There are also categories of work that are so miserable with long deployment times that they just don’t get done at all in those environments. Things like improving telemetry, tracing, observability. Things like performance debugging, where lower envs aren’t representative.

I would personally never go back, for a system of moderate or more distributive complexity (ie > 10 services, 10 total data stores )

All very fair points!
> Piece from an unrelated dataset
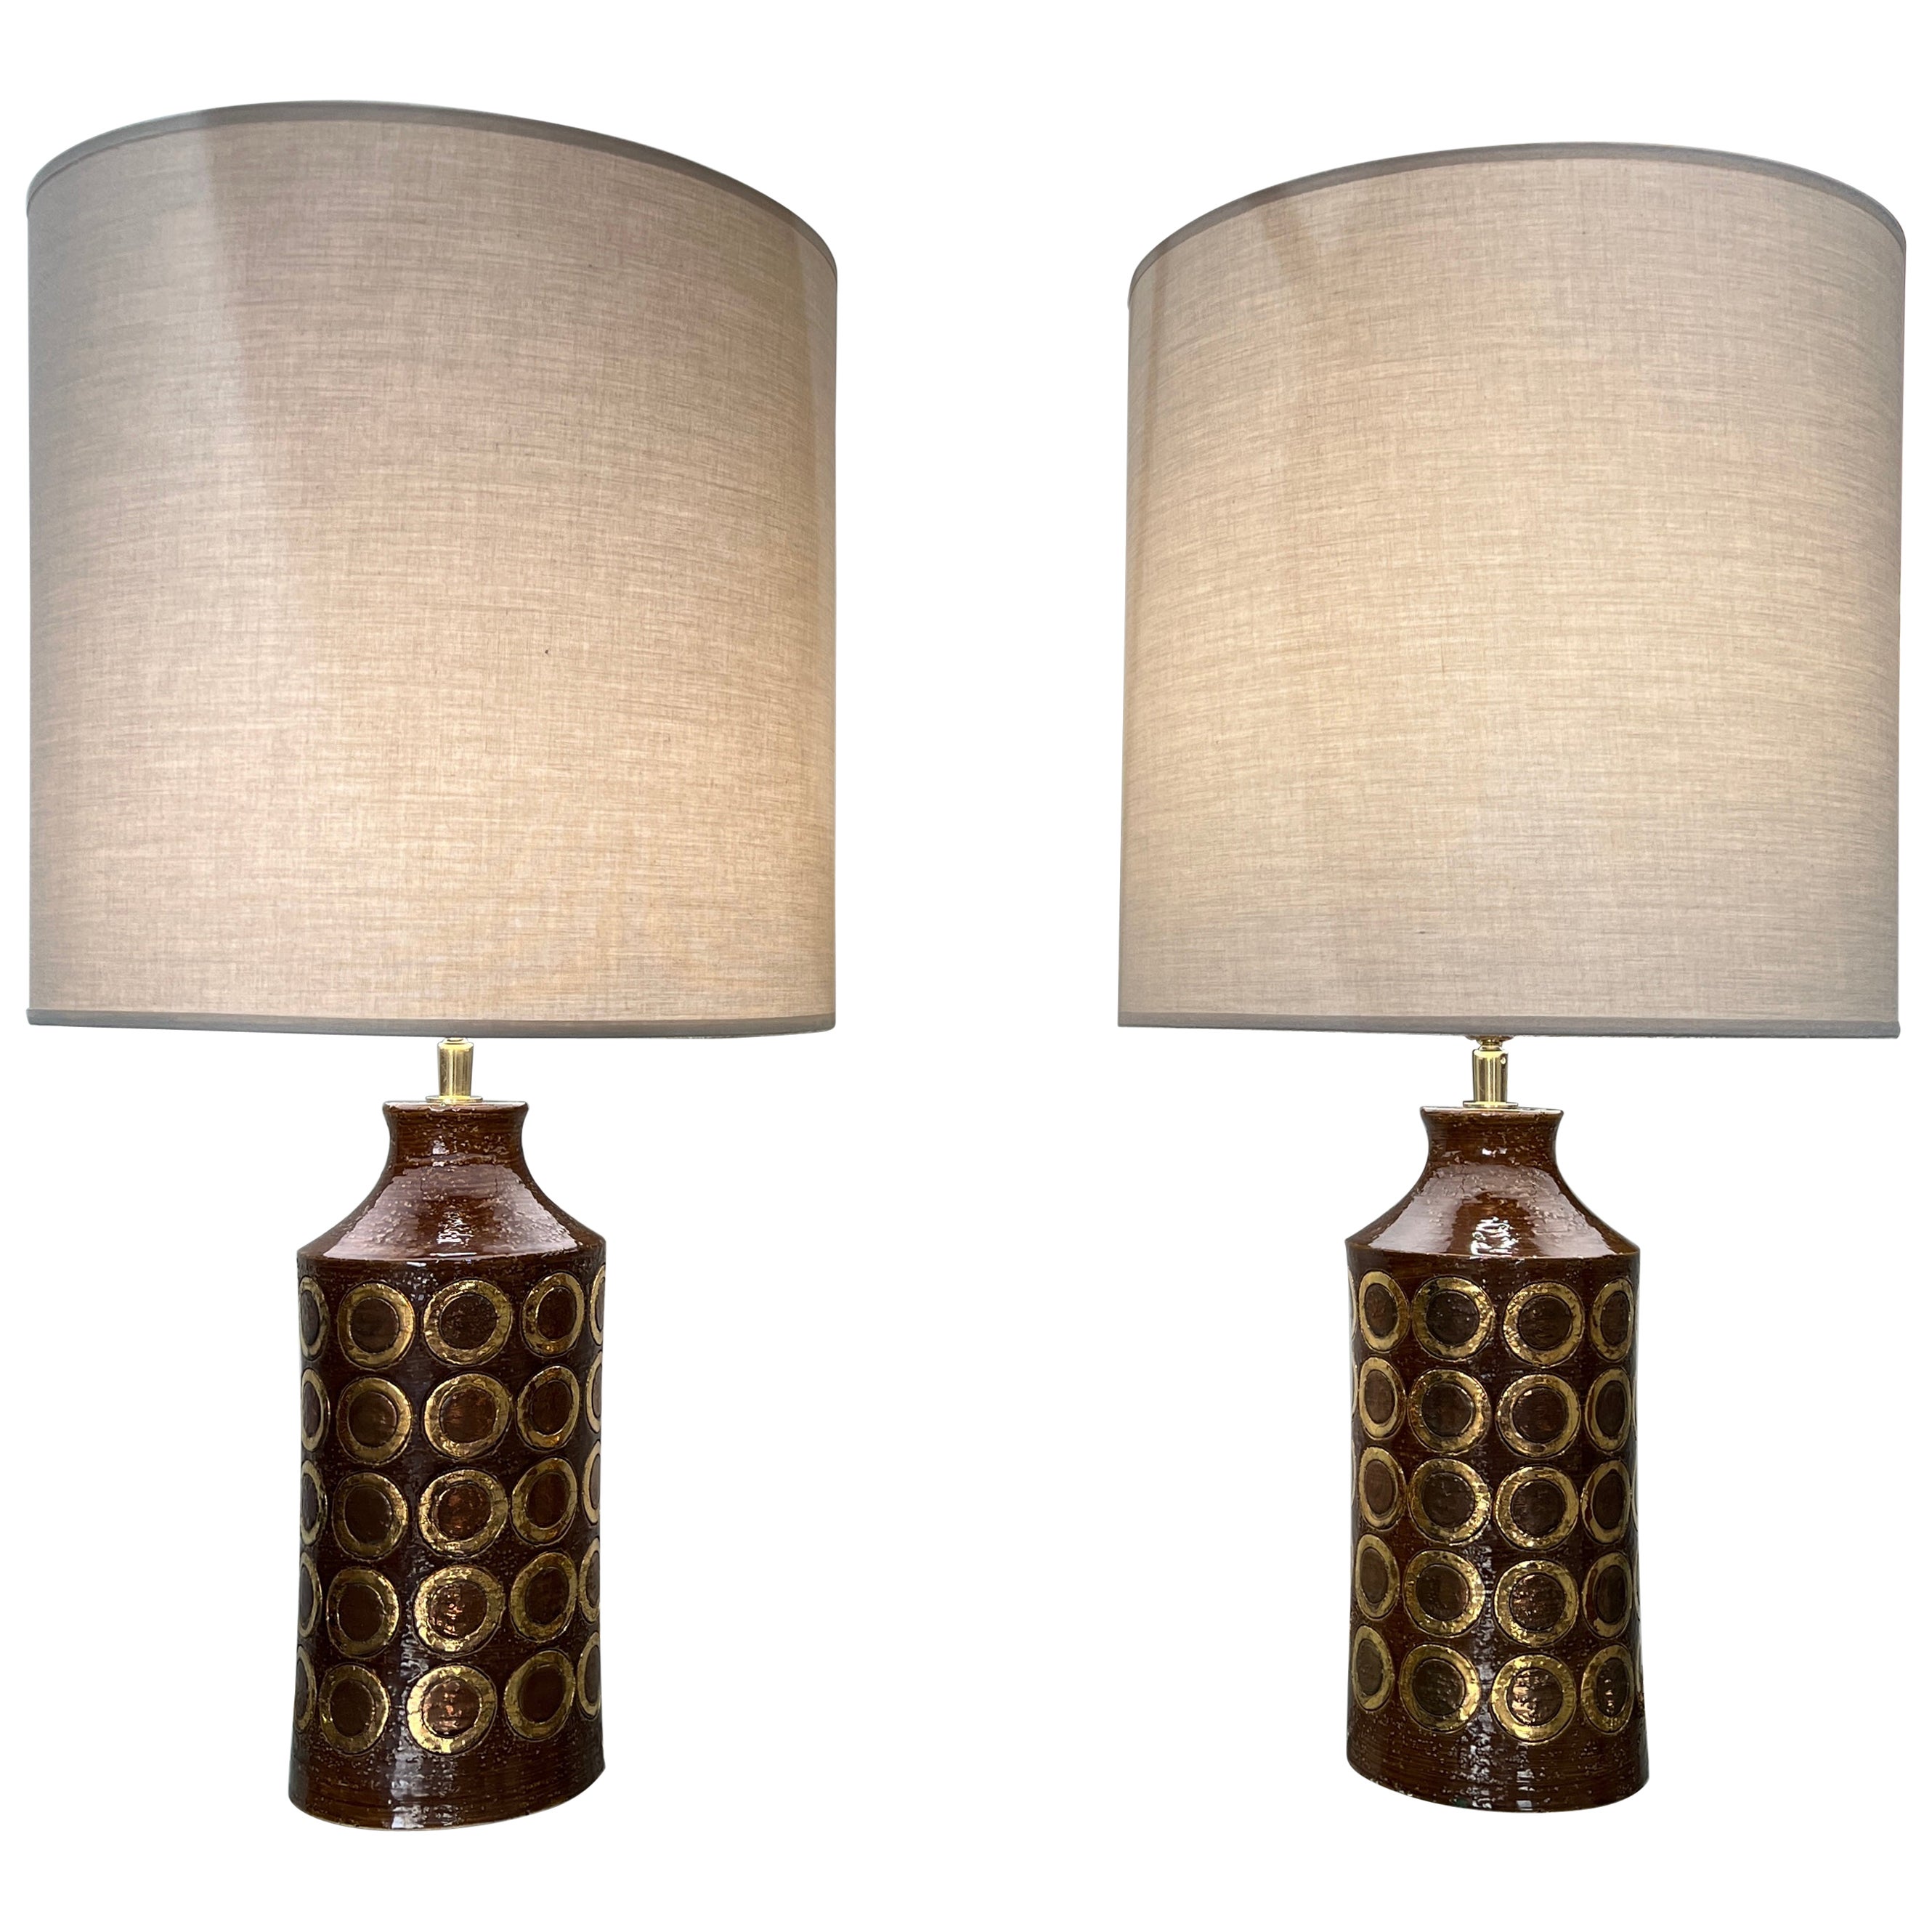 Pair of Python Skin Lamps For Sale at 1stDibs

I think it is perhaps much more situational than I made it out to be, and that functioning in an “hours” environment is only possible as described if some organizational patterns are in place to make it work.

yeah i realized as i wrote that out that my personal conclusions probably don't apply in a monoservice type architecture. If you have a mono(or few) service architecture with a single (or few) db, it is actually feasible to have integration tests that are worth the runtime. The bigger & more distributed you get, the more the costs of integration tests go up (velocity, fragility, maintenance, burden of mirroring production config) and the equation doesnt pencil out anymore. Probably other scenarios where im wrong also.

My company has been moving towards having monorepos per language stack. Decent compromise

That sounds worse than either option. At that point put it all in one repo with a directory for each language.

And then at some point your Rust people write a Python module in Rust via pyo3, and it has to be integrated into Python build system and Python type checkers, but also needs local rust crates as build dependencies and local python packages as runtime dependencies... hm.

Coupling and Cohesion likely has nothing to do with the language.

Why can't you just use versioning in your external-to-the-monorepo APIs and use HEAD within the monorepo? Nothing about combining some projects into a monorepo forces you into dropping everything else we know about software release cycles.

The point is that it is more work.

More work than what? More work than sharing HEAD in the monorepo, certainly. But it's definitely not more work than versioning across multiple repos because it's literally the same thing. When you're exporting code from a monorepo you follow all the same patterns you would from a small single library repo.

Maybe I miss the point here, but it seems to me that versioning the protocols is the specific solution to maintaining interop between different implementations.

And for small teams, what we want/need is the "all deps" mono-repo.

I wanna link other repos I depend on, but that repos can be read-only. And then all the tools work without extra friction

P.D: This could be another wish for jj!